The US State Department accused Russia on Thursday of using a chemical weapon called chloropicrin against Ukrainian soldiers. If true, the use of this choking agent would violate the Chemical Weapons Convention, an international agreement that Russia has signed. Chloropicrin, widely used in World War I, is an oily substance that irritates the lungs, eyes, skin, and digestive system. The US says Russia is using it to force Ukrainian soldiers out of their trenches along the frontlines. The Kremlin’s chief spokesman has denied the charge.
There are also reports this week that Russia has disrupted the Global Positioning System, leaving aircraft, including commercial planes, unable to receive GPS signals in the Baltic Sea, Black Sea, and eastern Mediterranean regions. These disruptions take the form of either jamming signals or “spoofing,” in which legitimate signals are replaced with fake ones.
Though these disruptions are more nuisance than danger, there is a risk to flights when pilots have to improvise navigation. If Russia is responsible, it’s not clear whether its motive is tied directly to the war in Ukraine or is part of a larger effort to disrupt European life and commerce.

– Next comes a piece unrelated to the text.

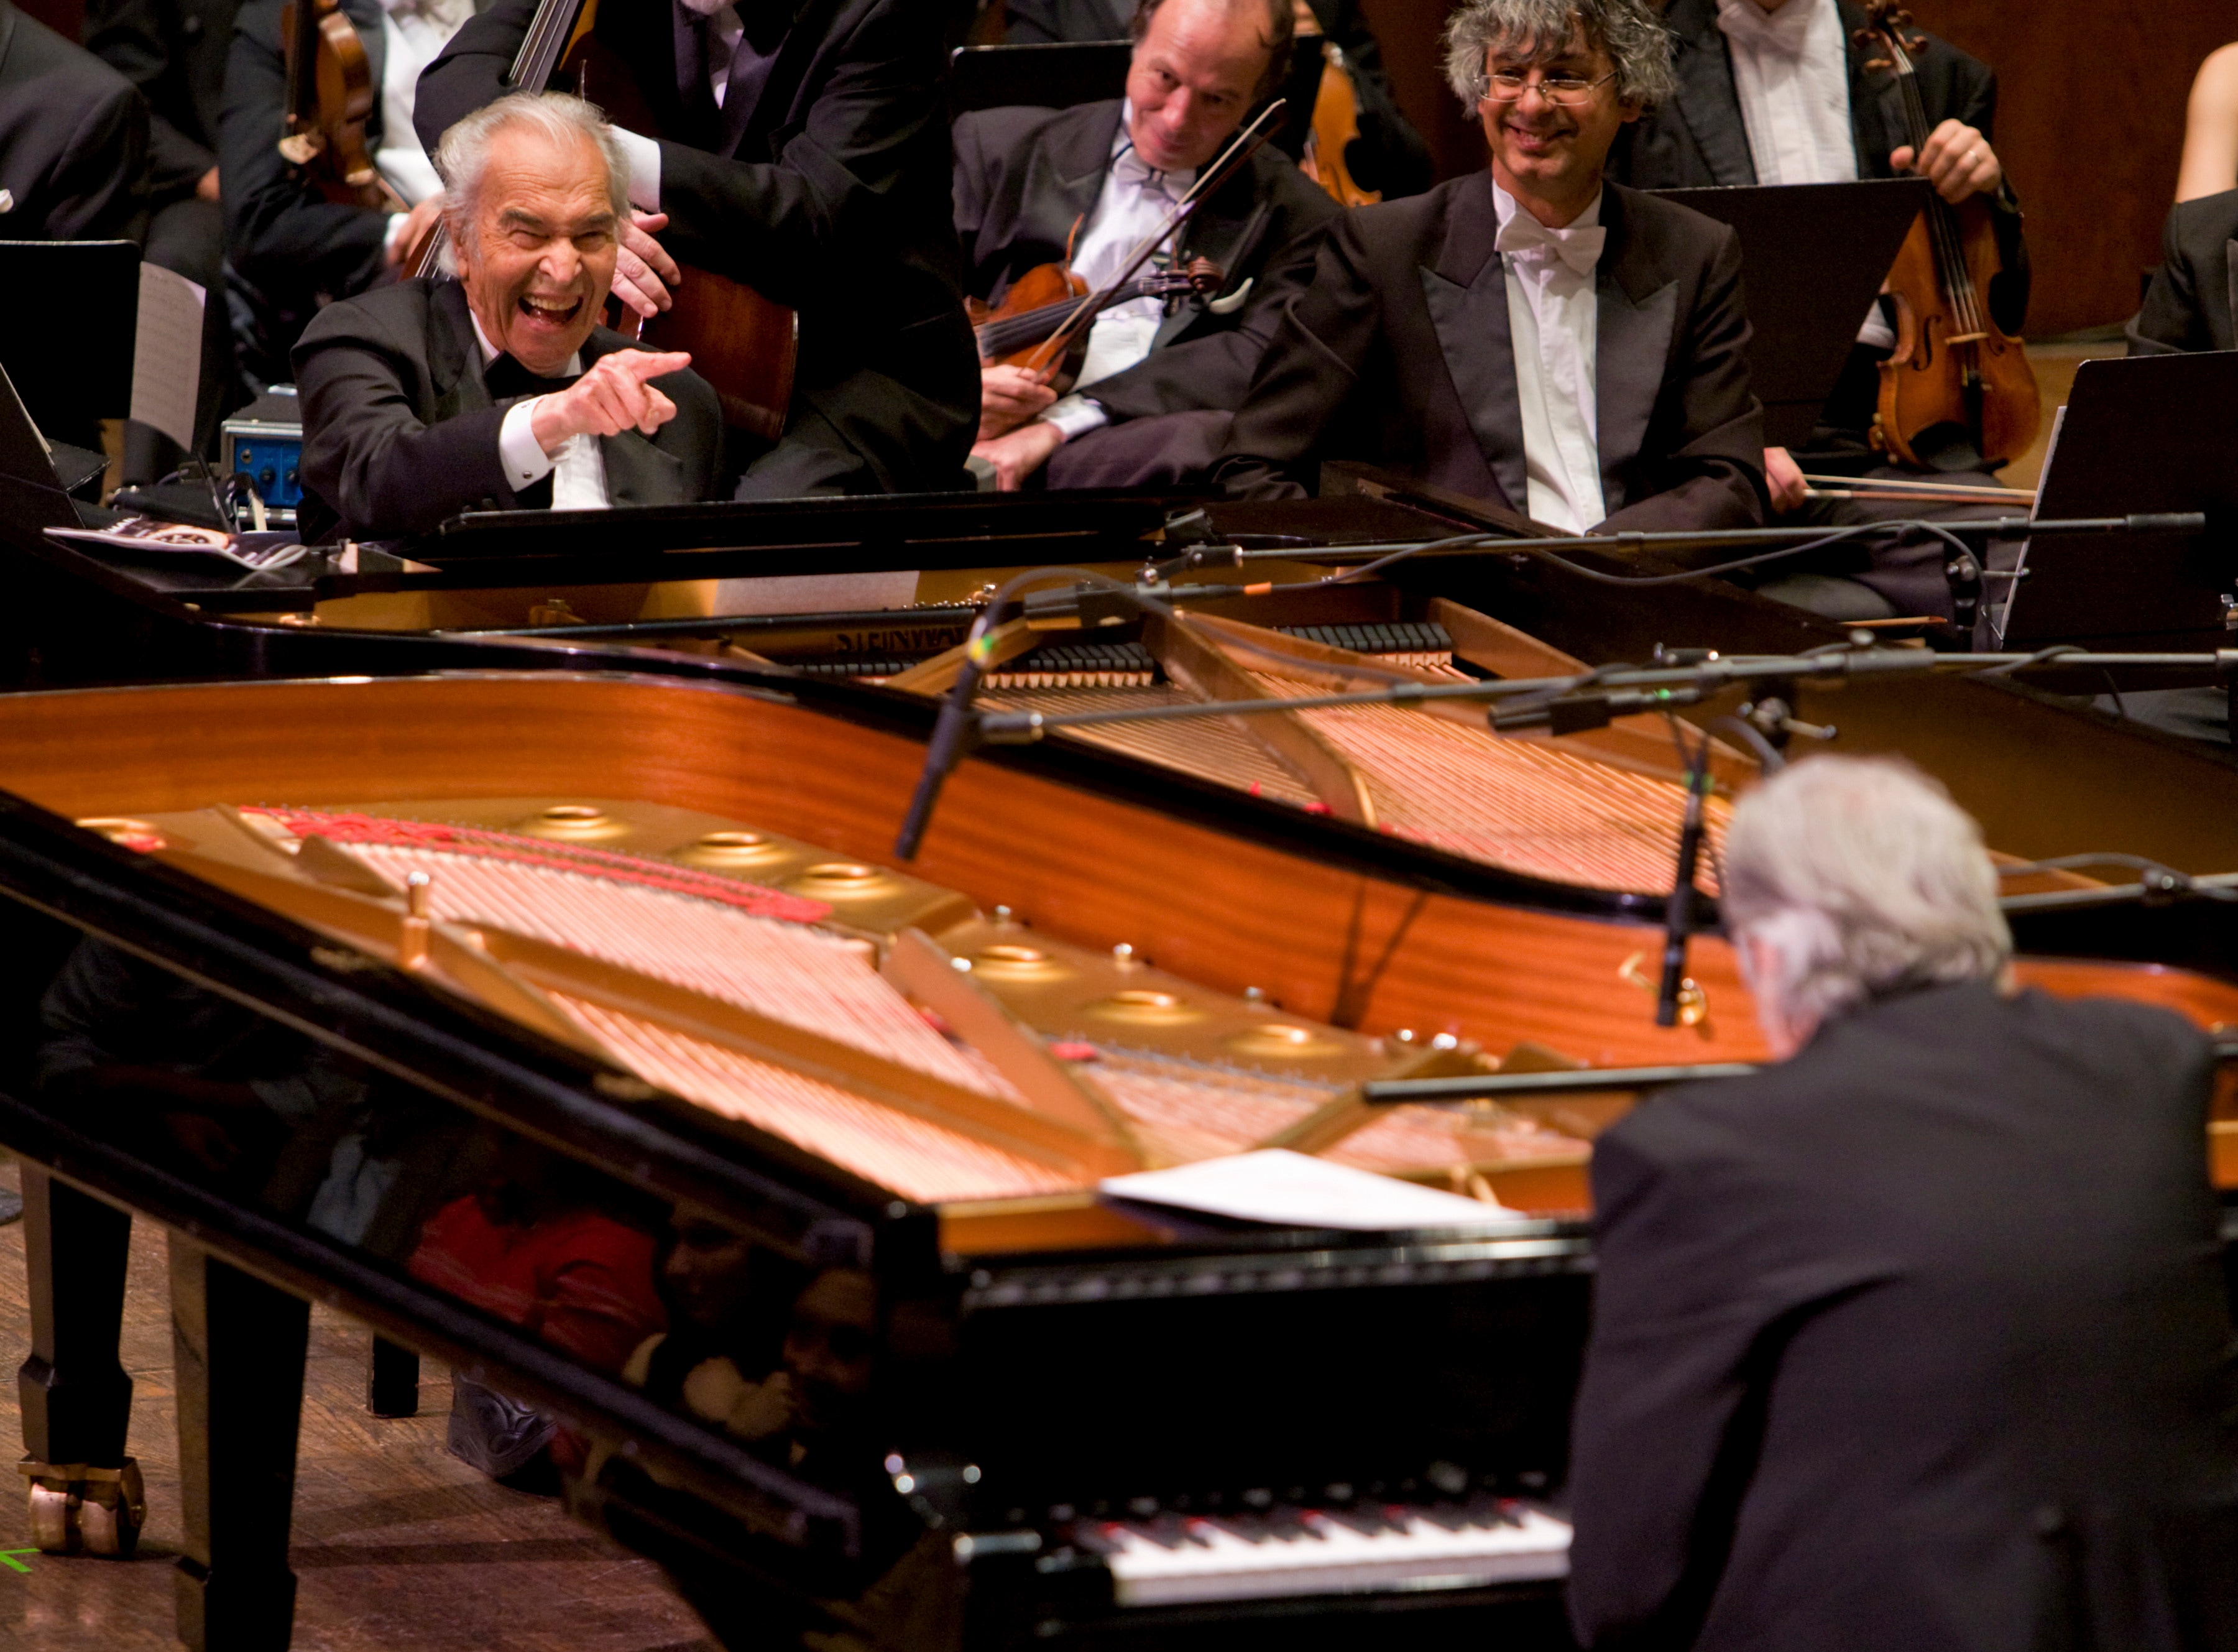 2012. Dave Brubeck e Joao Carlos Martins al pianoforte accanto alla Bachiana Filharmonica presso la Avery Fisher Hall, a New York.

In both cases, Western policymakers and experts warn that Russia is increasingly fighting its war outside established rules. In neither case is it clear what accusers can do about it.

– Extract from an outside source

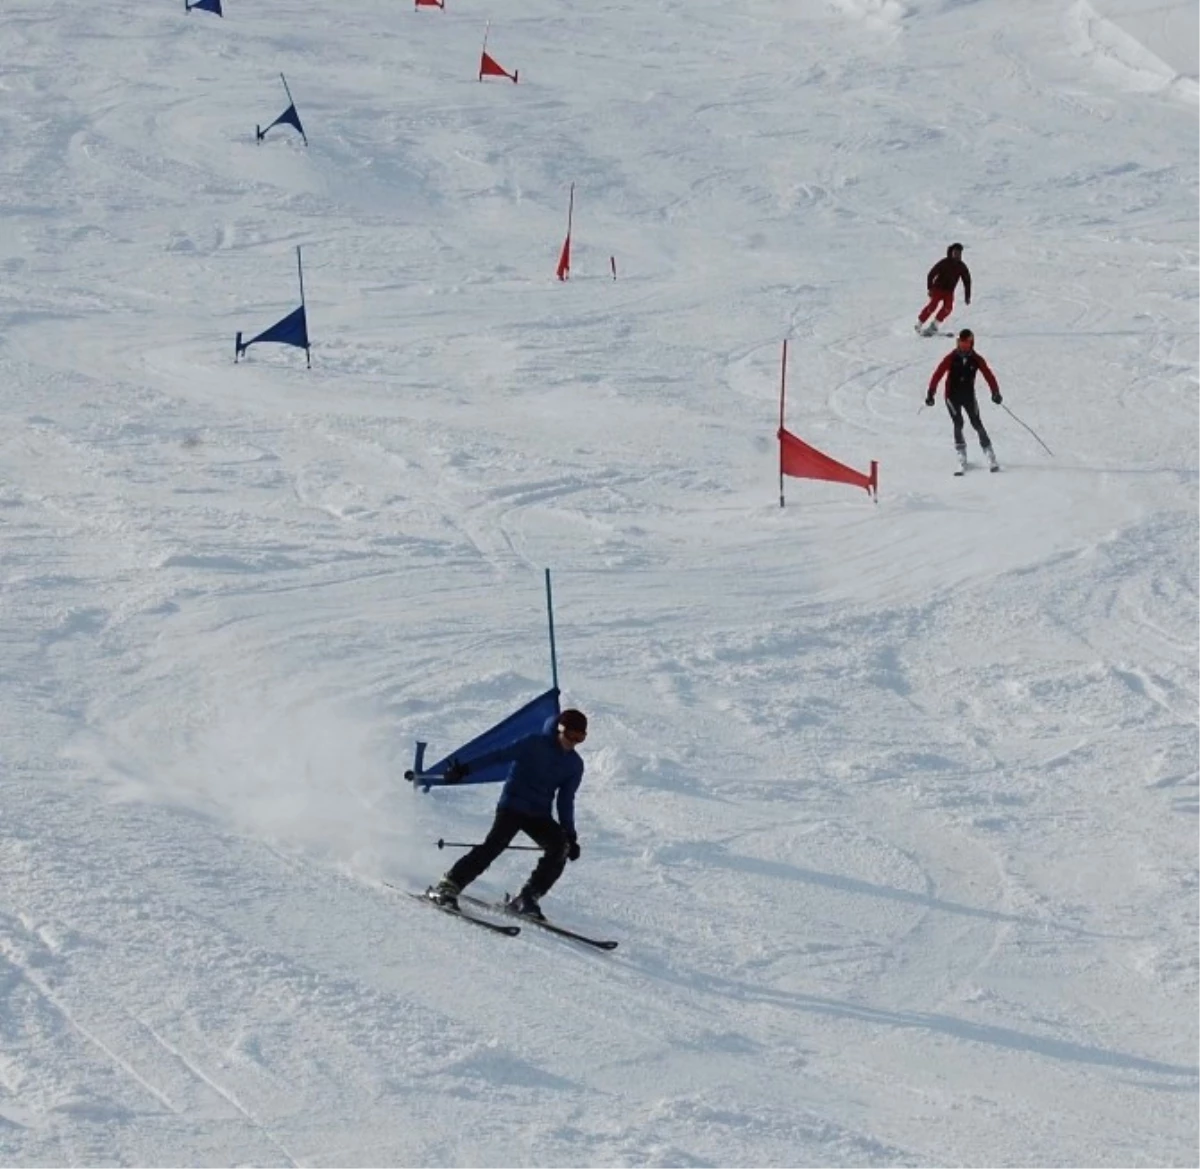 Ilgaz Kayak Tesislerinde "Kar Mutluluğu"

Frozen Russian assets could fund new Ukraine rescue plan
Frustrated by the failure to get a $60 billion emergency aid package to Ukraine through Congress, Joe Biden is working on Plan B.

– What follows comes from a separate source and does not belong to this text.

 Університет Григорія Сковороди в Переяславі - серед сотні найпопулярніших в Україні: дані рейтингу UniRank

The president has said that he wants G7 countries to come up with a means of tapping the $282 billion in frozen Russian central bank assets by the time leaders meet in Italy in June.
Even though the meeting in Apulia is more than three months away, it might take at least that long to reach a consensus on how to pluck the goose to obtain the most feathers with the least amount of hissing.
Last week, US Treasury Secretary Janet Yellen said it is important to find a way to unlock the value of those assets and divert the proceeds to help Ukraine’s war effort. She said there is a “strong international law, economic and moral case” for doing so.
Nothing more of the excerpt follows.